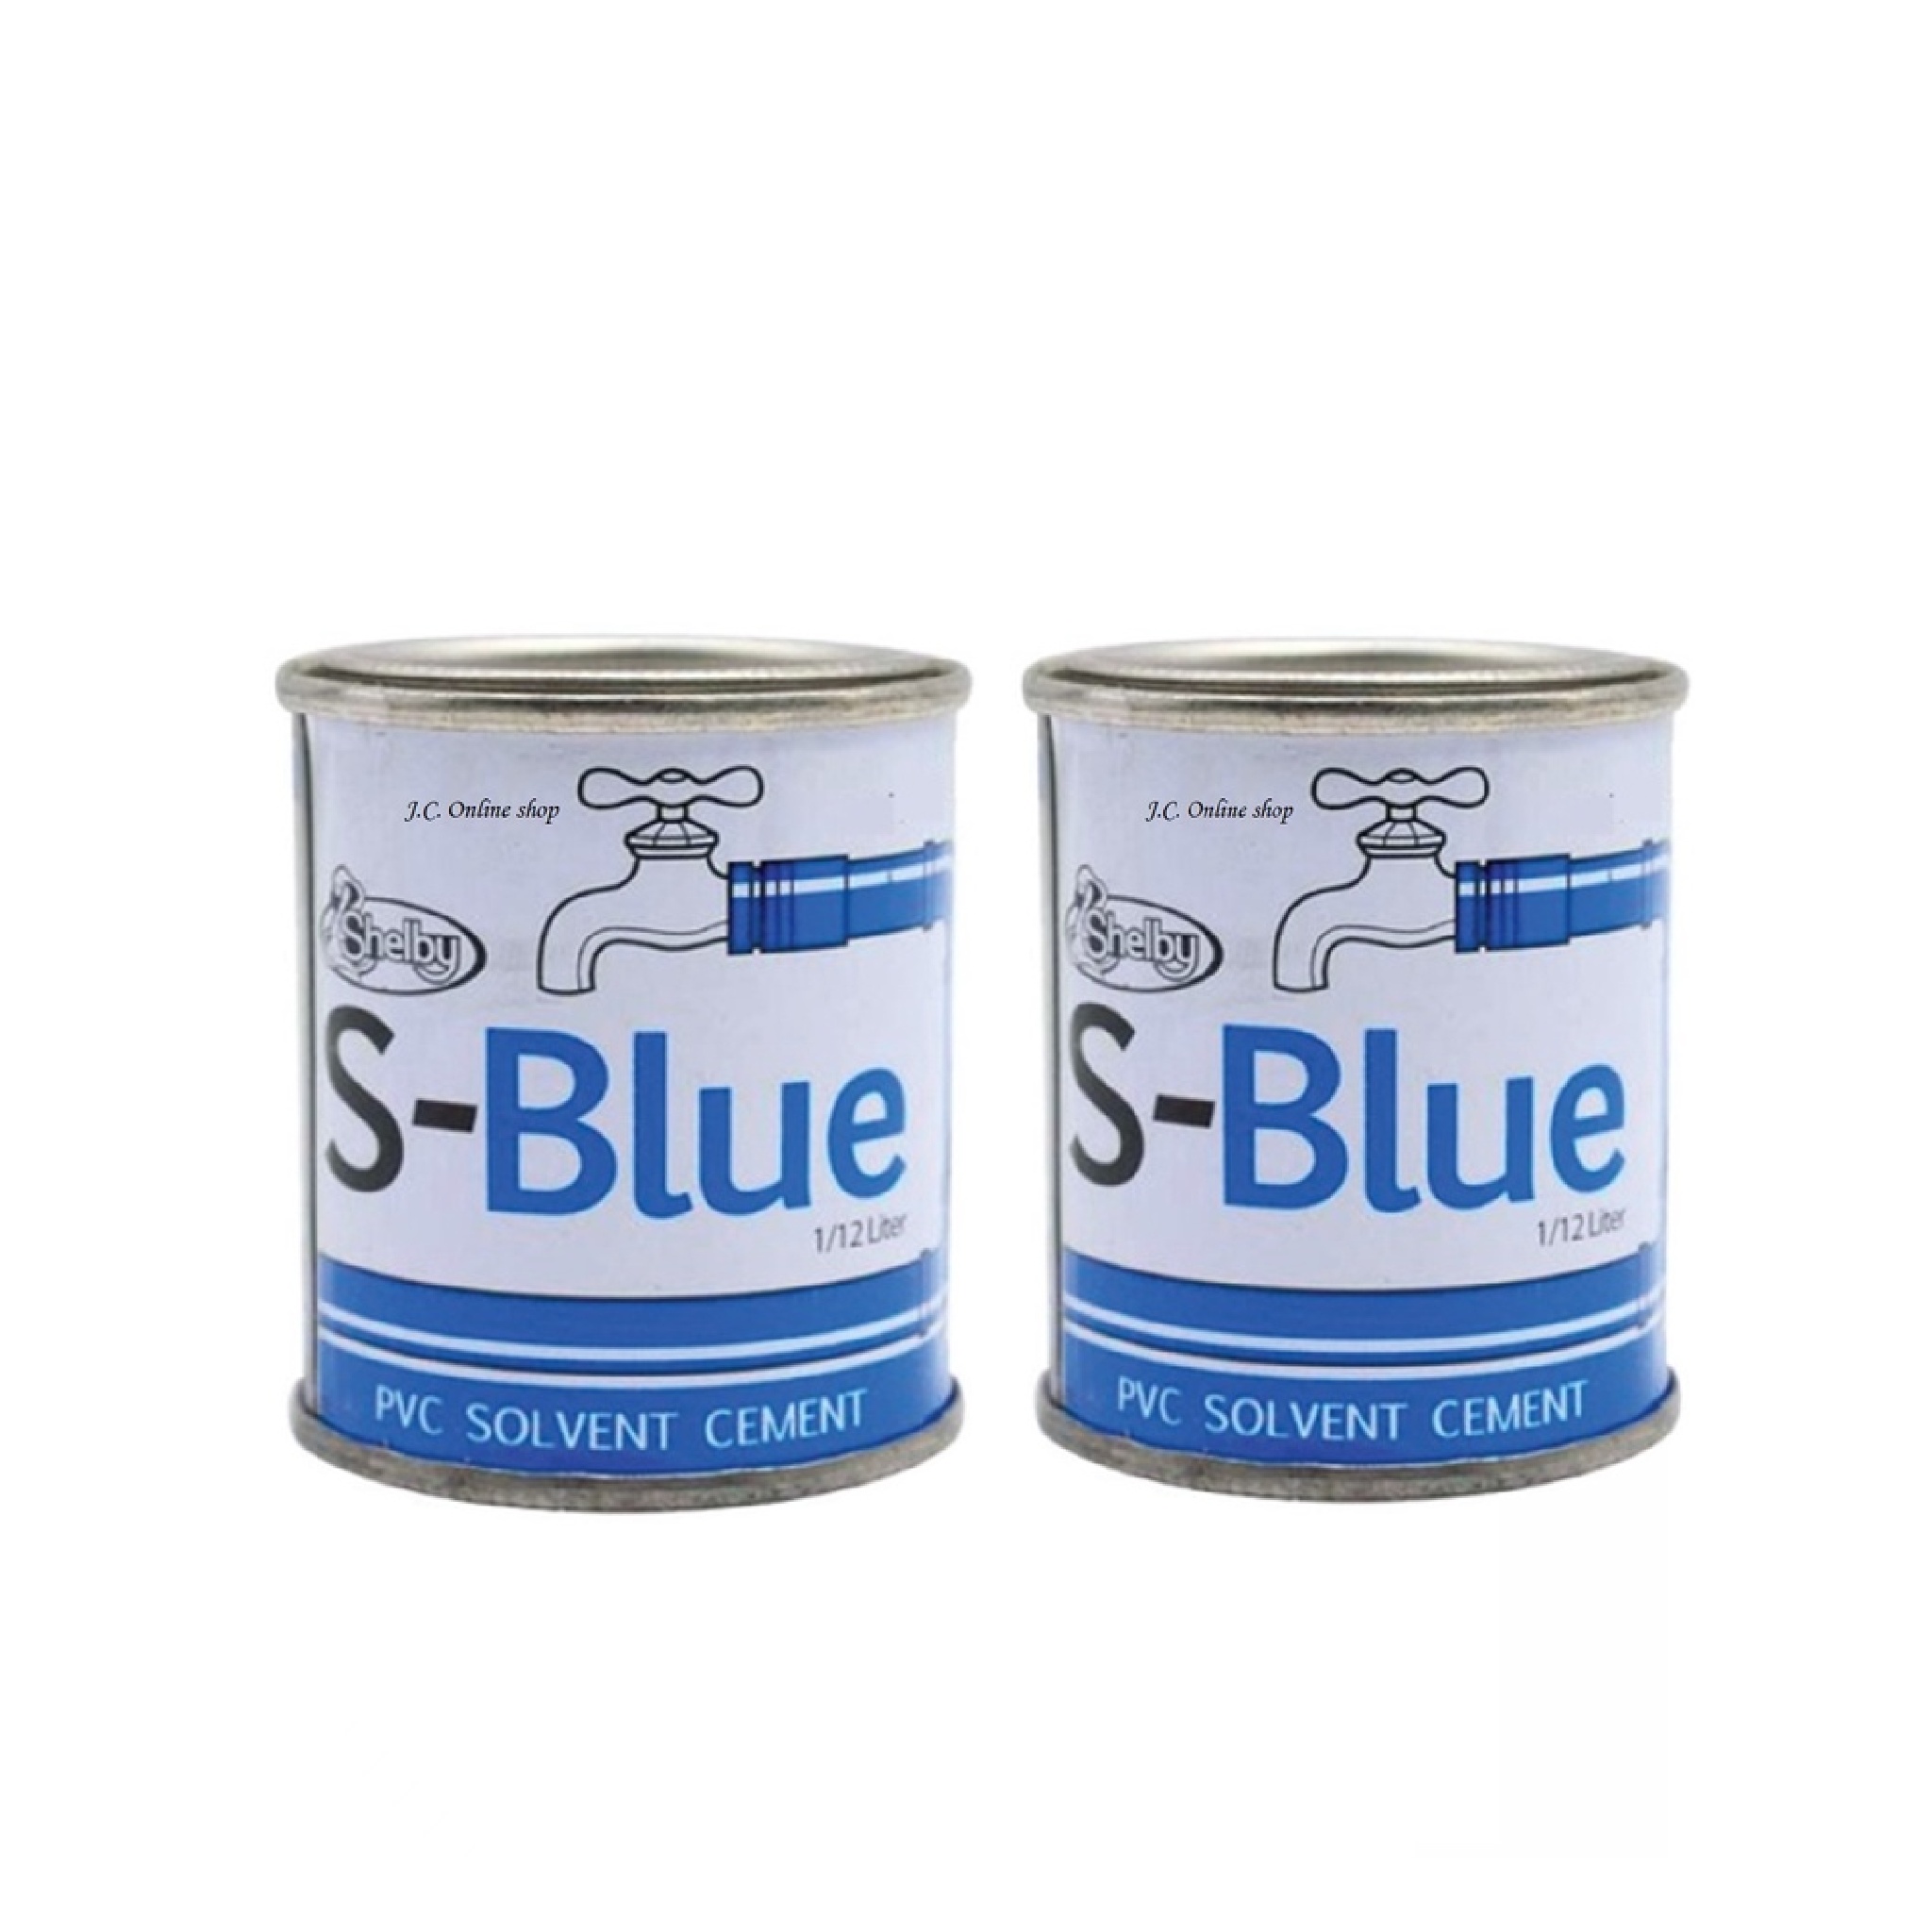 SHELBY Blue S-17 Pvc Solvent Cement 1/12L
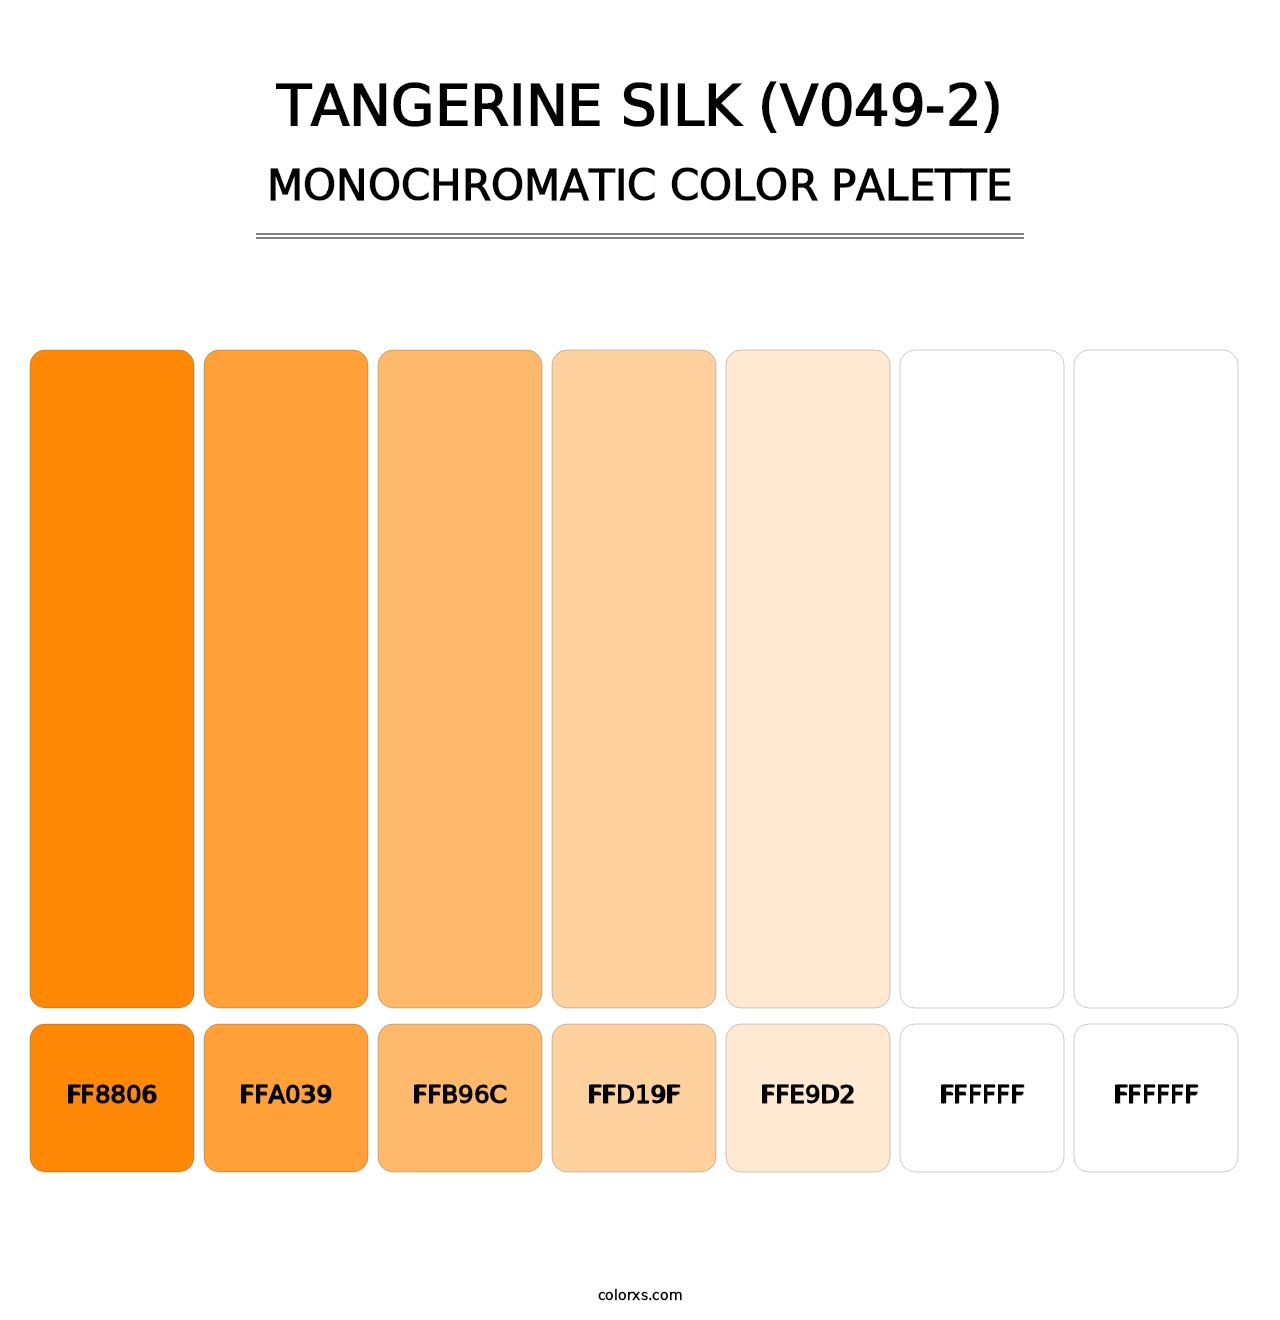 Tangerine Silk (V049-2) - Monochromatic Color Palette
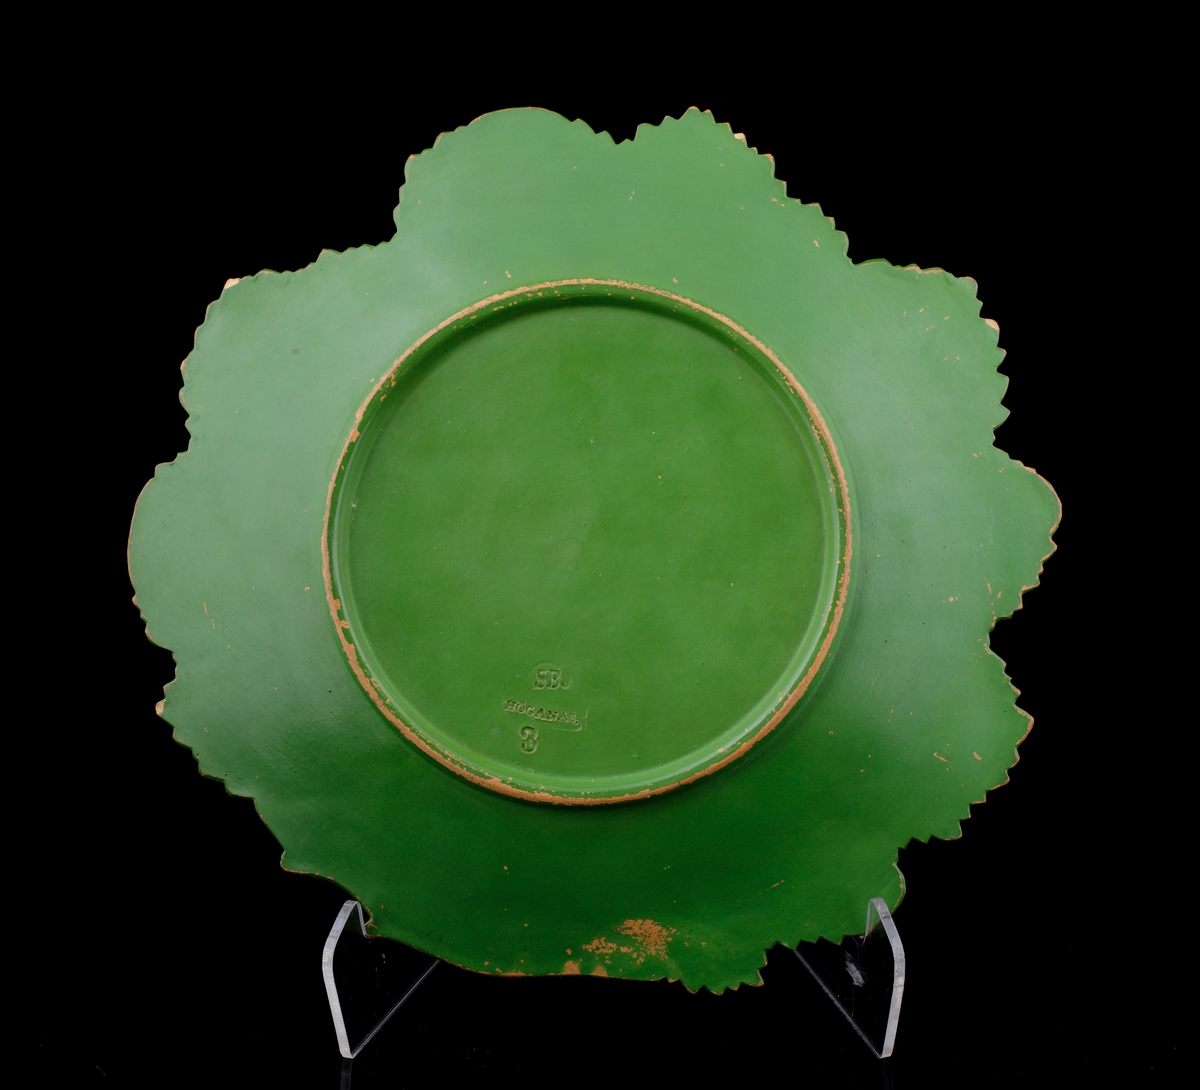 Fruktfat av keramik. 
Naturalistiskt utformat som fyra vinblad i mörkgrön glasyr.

Work instructions —
The output should be the lines from the one with "Fruktfat av keramik." through the end of the material above, both ends included, printed exactly and nothing else. Drop the pictures.

Answer for this exercise —
 Fruktfat av keramik. 
Naturalistiskt utformat som fyra vinblad i mörkgrön glasyr.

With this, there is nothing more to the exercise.